Traceroute hops to Seattle for users in South Korea and fly region Narita

echoi · December 26, 2024, 8:59am

Hi,

I noticed that a simple POST request to my server in NRT (I’m in south korea) is experiencing significantly more delay than my expectation so I tried traceroute.

traceroute to my-app.fly.dev, 64 hops max, 52 byte packets
[first 7 hops redacted - local network]

 8  112.174.80.174  163.839 ms  162.803 ms  163.766 ms
 9  te-0-11-0-3-6-pe01.seattle.wa.ibone.comcast.net (66.208.228.45)  169.728 ms  151.755 ms  166.945 ms
10  be-2301-cs03.seattle.wa.ibone.comcast.net (96.110.39.225)  164.305 ms
    be-2201-cs02.seattle.wa.ibone.comcast.net (96.110.39.205)  145.163 ms
    be-2401-cs04.seattle.wa.ibone.comcast.net (96.110.39.229)  145.101 ms
11  be-2413-pe13.seattle.wa.ibone.comcast.net (96.110.44.94)  143.716 ms
    be-2313-pe13.seattle.wa.ibone.comcast.net (96.110.44.90)  119.933 ms
    be-2113-pe13.seattle.wa.ibone.comcast.net (96.110.44.82)  141.594 ms
12  96-87-9-102-static.hfc.comcastbusiness.net (96.87.9.102)  136.545 ms  162.770 ms  158.224 ms

I’m not an expert at this but it seems its hopping to seattle for some reason.

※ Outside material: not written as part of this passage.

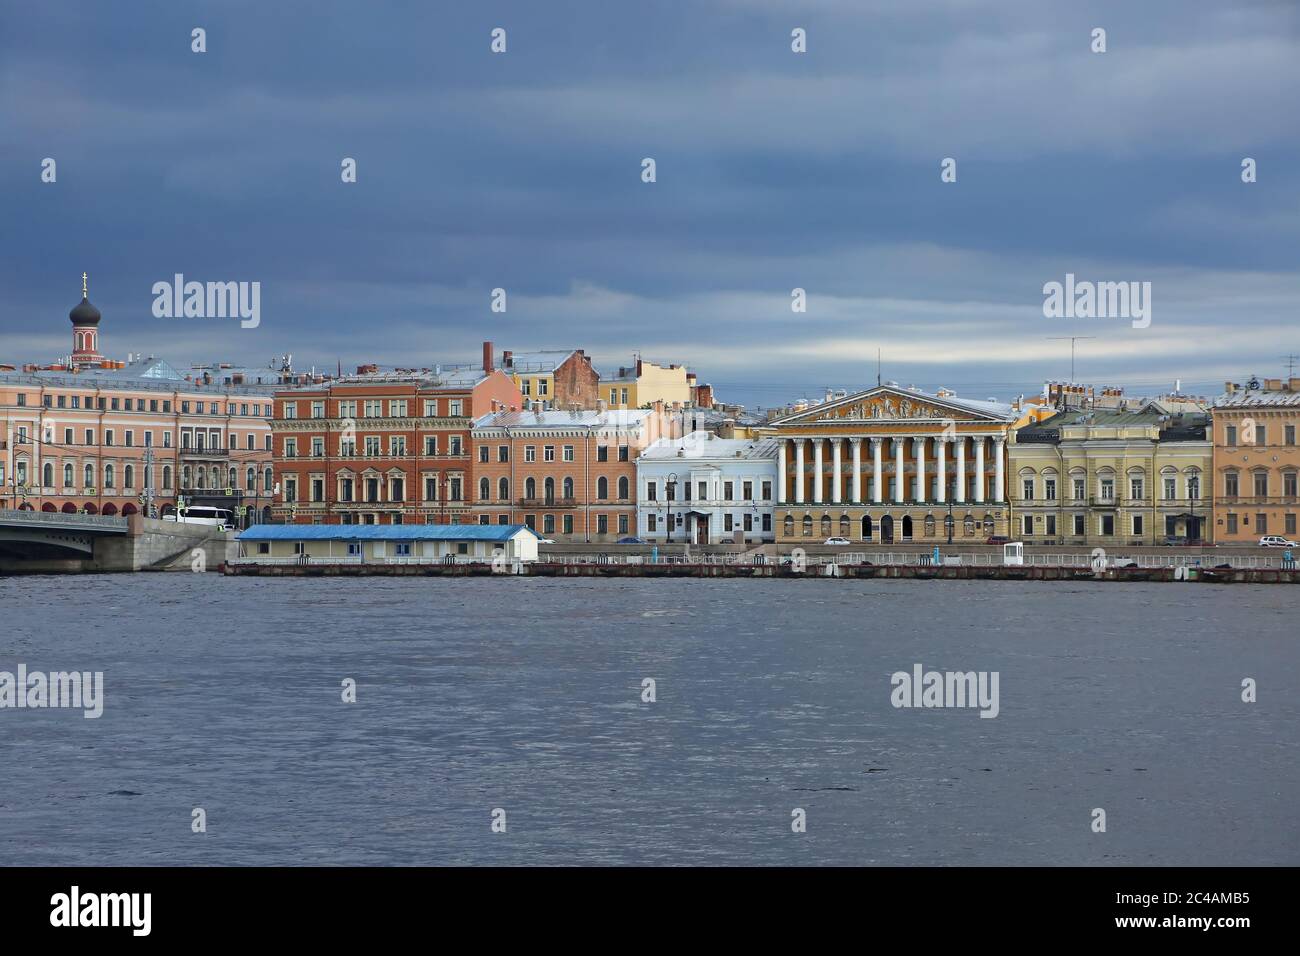 Ammira il fiume Neva, uno dei principali corsi d'acqua della città, e gli edifici storici e colourful dall'altro lato, San Pietroburgo, Russia. Foto Stock

The domain is registered on cloudflare and used on fly single region app in nrt.

Is there something I can do on fly.io to make the hop route better?

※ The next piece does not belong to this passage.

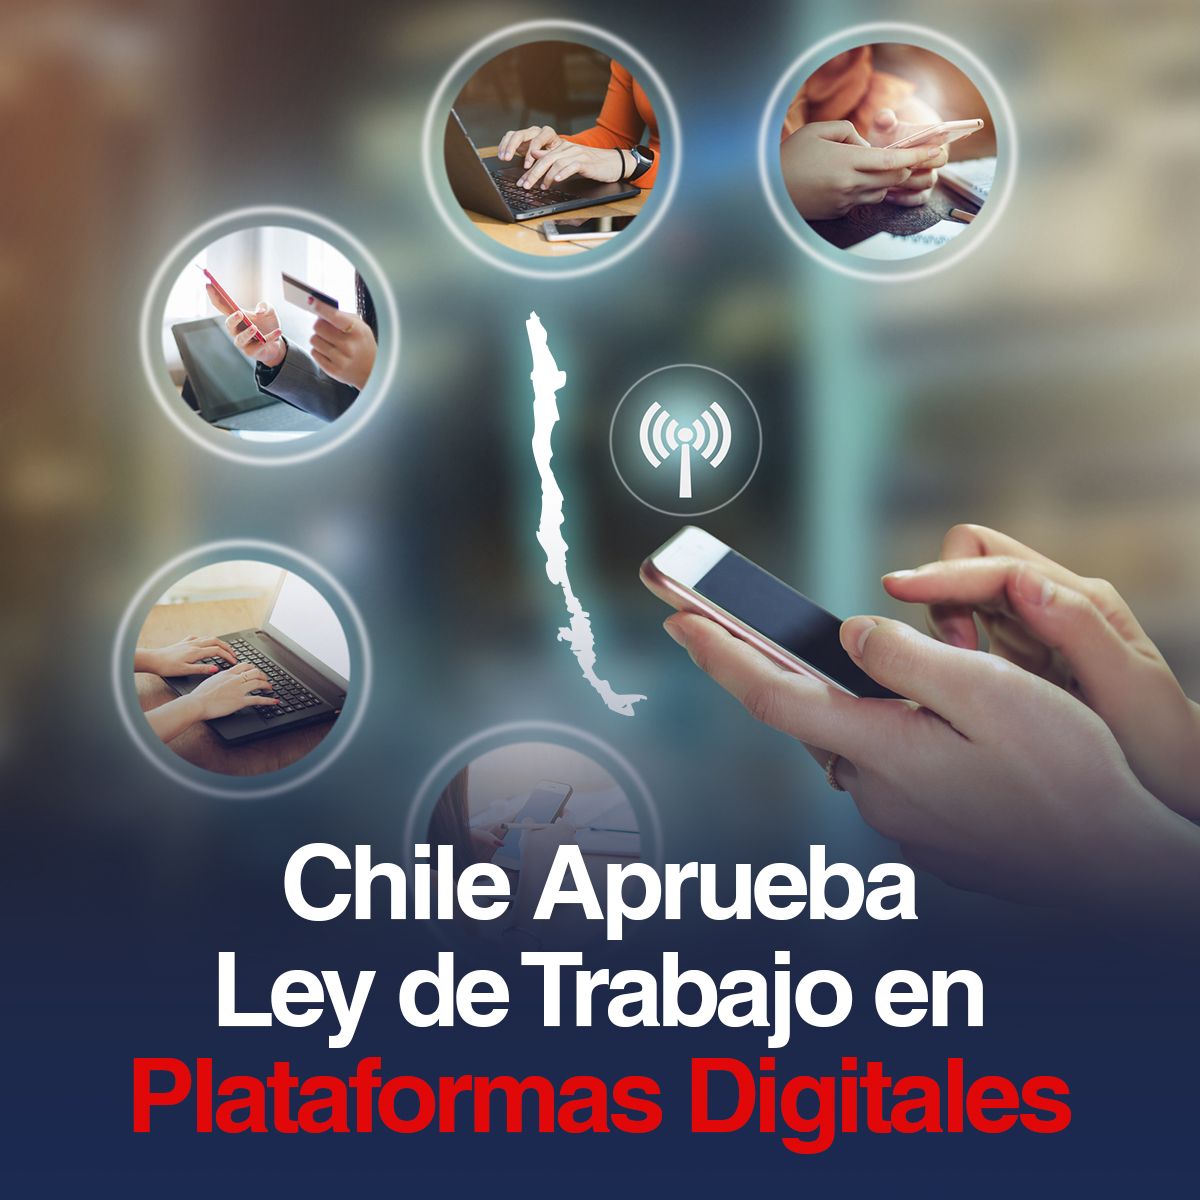 Chile Aprueba Ley de Trabajo en Plataformas Digitales

anuragbhatia · December 31, 2024, 11:51pm

This route wasn’t making much sense routing wise. I tried to cross check and latest trace I see from Korea Telecom AS4766 is:

traceroute to 77.83.140.34 (77.83.140.34), 20 hops max, 60 byte packets
1 192.168.0.1 (192.168.0.1) 0.425 ms 0.448 ms
2 * *
3 112.188.61.105 (112.188.61.105) 2.290 ms 2.308 ms
4 112.188.53.29 (112.188.53.29) 2.231 ms 2.249 ms
5 112.174.47.49 (112.174.47.49) 9.314 ms 9.332 ms
6 112.174.86.154 (112.174.86.154) 9.571 ms 9.587 ms
7 63-222-57-229.static.as3491.net (63.222.57.229) 34.190 ms 34.187 ms
8 Hu0-0-1-0.br06.tok02.as3491.net (63.218.250.22) 33.734 ms 33.787 ms
9 * *
10 * *
11 103.84.154.10 (103.84.154.10) 38.008 ms 37.968 ms
12 77.83.140.34 (77.83.140.34) 36.826 ms *

It seems fine now. Can you please re-check?

May be you tested when PCCW AS3491 had a broken connectivity to either side: Korea Telecom AS4766 or NETACTUATE AS36236 (upstream in Japan for fly.io).

Let’s cross check for AS3491 since they feed route-collectors (RIPE RIS RRC01/19/23 with their full table) - This shows prefix has been stable & not much w.r.t AS3491 side. So only guess here is something inside AS4766 triggred it. Cannot be sure since it’s full routes are visible at a collector.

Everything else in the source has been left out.